Both TCP and UDP are transport protocols. Transmission Control Protocol (TCP) is the more commonly used of the two and provides connection-oriented communication. User Datagram Protocol (UDP) is a non connection-oriented protocol that is sometimes used with services for which speed of transmission is more important than data integrity. The penetration testing technique used to enumerate these services is called port scanning. Unlike host discovery, which was discussed in the previous chapter, these techniques should yield enough information to identify whether a service is associated with a given port on the device or server. Prior to addressing the specific recipes listed, we will discuss some of the underlying principles that should be understood about port scanning.
UDP port scanning
Because TCP is a more commonly used transport-layer protocol, services that operate over UDP are frequently forgotten. Despite the natural tendency to overlook UDP services, it is absolutely critical that these services be enumerated to acquire a complete understanding of the attack surface of any given target. UDP scanning can often be challenging, tedious, and time consuming. The first three recipes in this chapter will cover how to perform a UDP port scan with different tools in Kali Linux.
To understand how these tools work, it is important to understand the two different approaches to UDP scanning that will be used. One technique, which will be addressed in the first recipe, is to rely exclusively on ICMP port-unreachable responses. This type of scanning relies on the assumption that any UDP ports that are not associated with a live service will return an ICMP port-unreachable response, and a lack of this response is interpreted as an indication of a live service. While this approach can be effective in some circumstances, it can also return inaccurate results in cases where the host is not generating port-unreachable responses or the port-unreachable replies are rate limited or are filtered by a firewall.

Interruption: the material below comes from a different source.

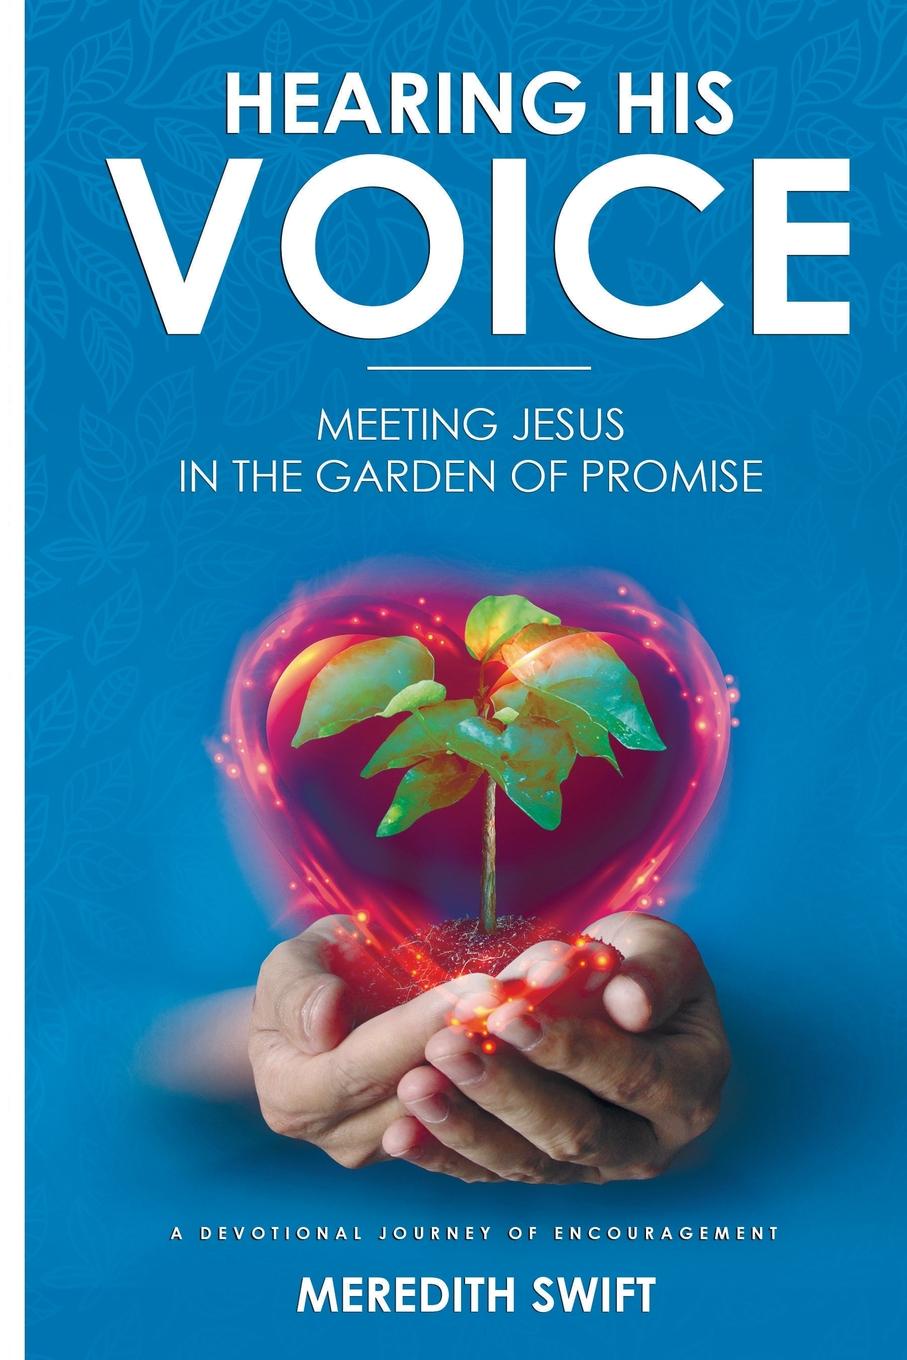 Hearing His Voice. Meeting Jesus in the Garden of Promise
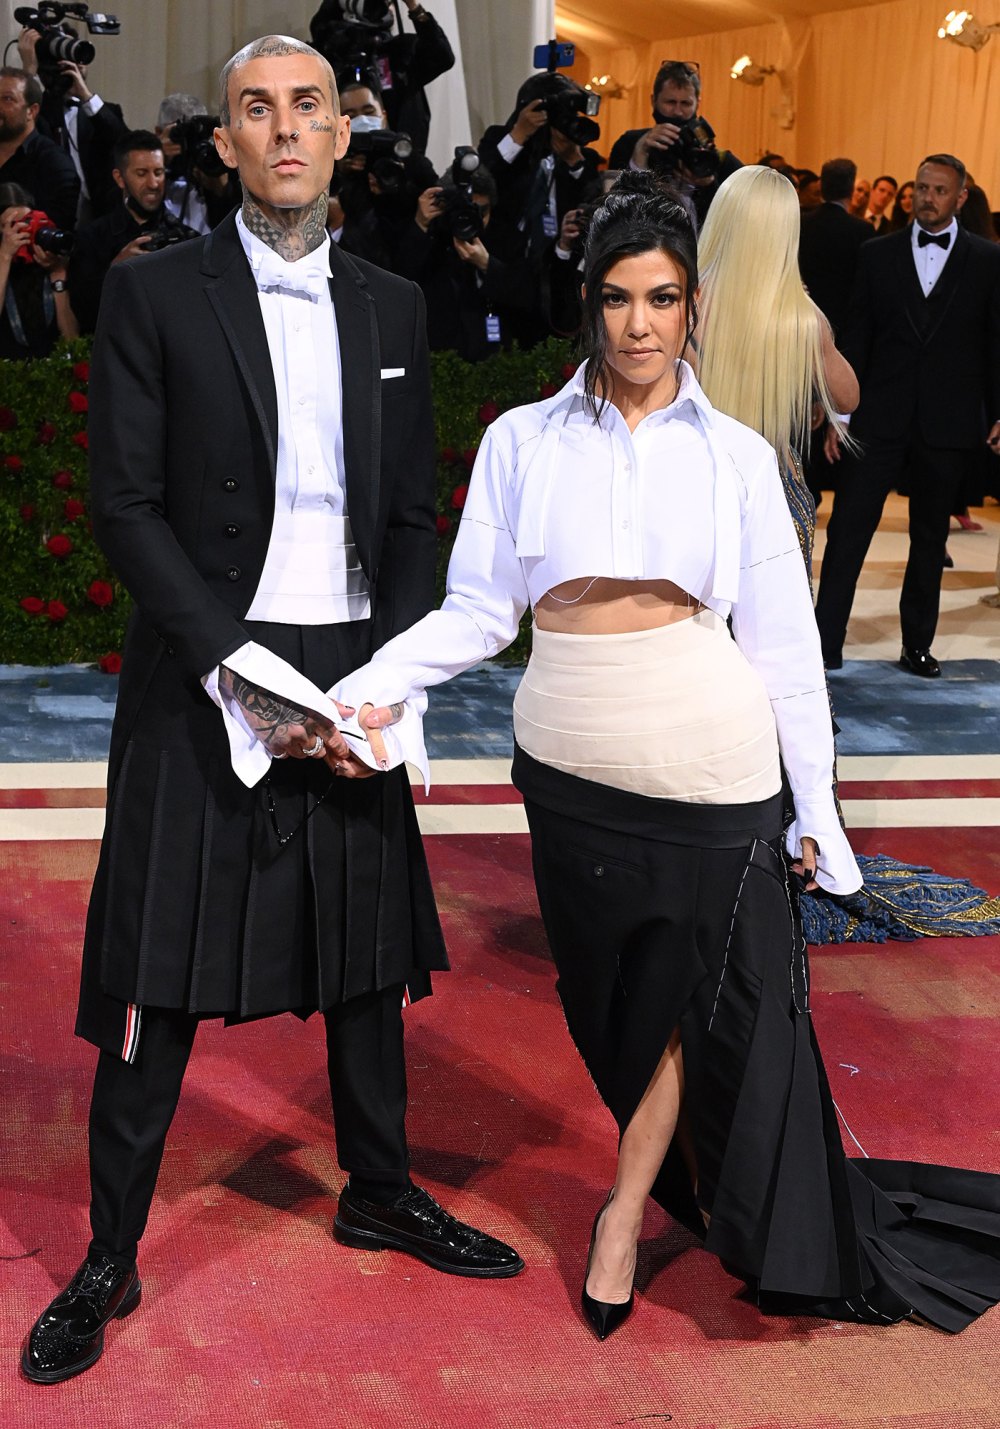 Travis Barker Details Living IVF Journey With Wife Kourtney Kardashian on Camera- ‘I Don’t Care if I’m C—ming In a Cup’ 569 Costume Institute Benefit celebrating the opening of In America: An Anthology of Fashion, Arrivals, The Metropolitan Museum of Art, New York, USA - 02 May 2022

An alternative approach, which is addressed in the second and third recipes, is to use service-specific probes to attempt to solicit a response, which would indicate that the expected service is running on the targeted port. While this approach can be highly effective, it can also be very time consuming.
TCP port scanning
Throughout this chapter, several different approaches to TCP scanning will be addressed. These techniques include stealth scanning, connect scanning, and zombie scanning. To understand how these scanning techniques work, it is important to understand how TCP connections are established and maintained. TCP is a connection-oriented protocol, and data is only transported over TCP after a connection has been established between two systems. The process associated with establishing a TCP connection is often referred to as the three-way handshake. This name alludes to the three steps involved in the connection process. The following diagram illustrates this process in graphical form:
A TCP SYN packet is sent from the device that wishes to establish a connection with a port of the device that it desires to connect with. If the service associated with the receiving port accepts the connection, it will reply to the requesting system with a TCP packet that has both the SYN and ACK bits activated. The connection is established only when the requesting system responds with a TCP ACK response. This three-step process establishes a TCP session between the two systems. All of the TCP port scanning techniques will perform some variation of this process to identify live services on remote hosts.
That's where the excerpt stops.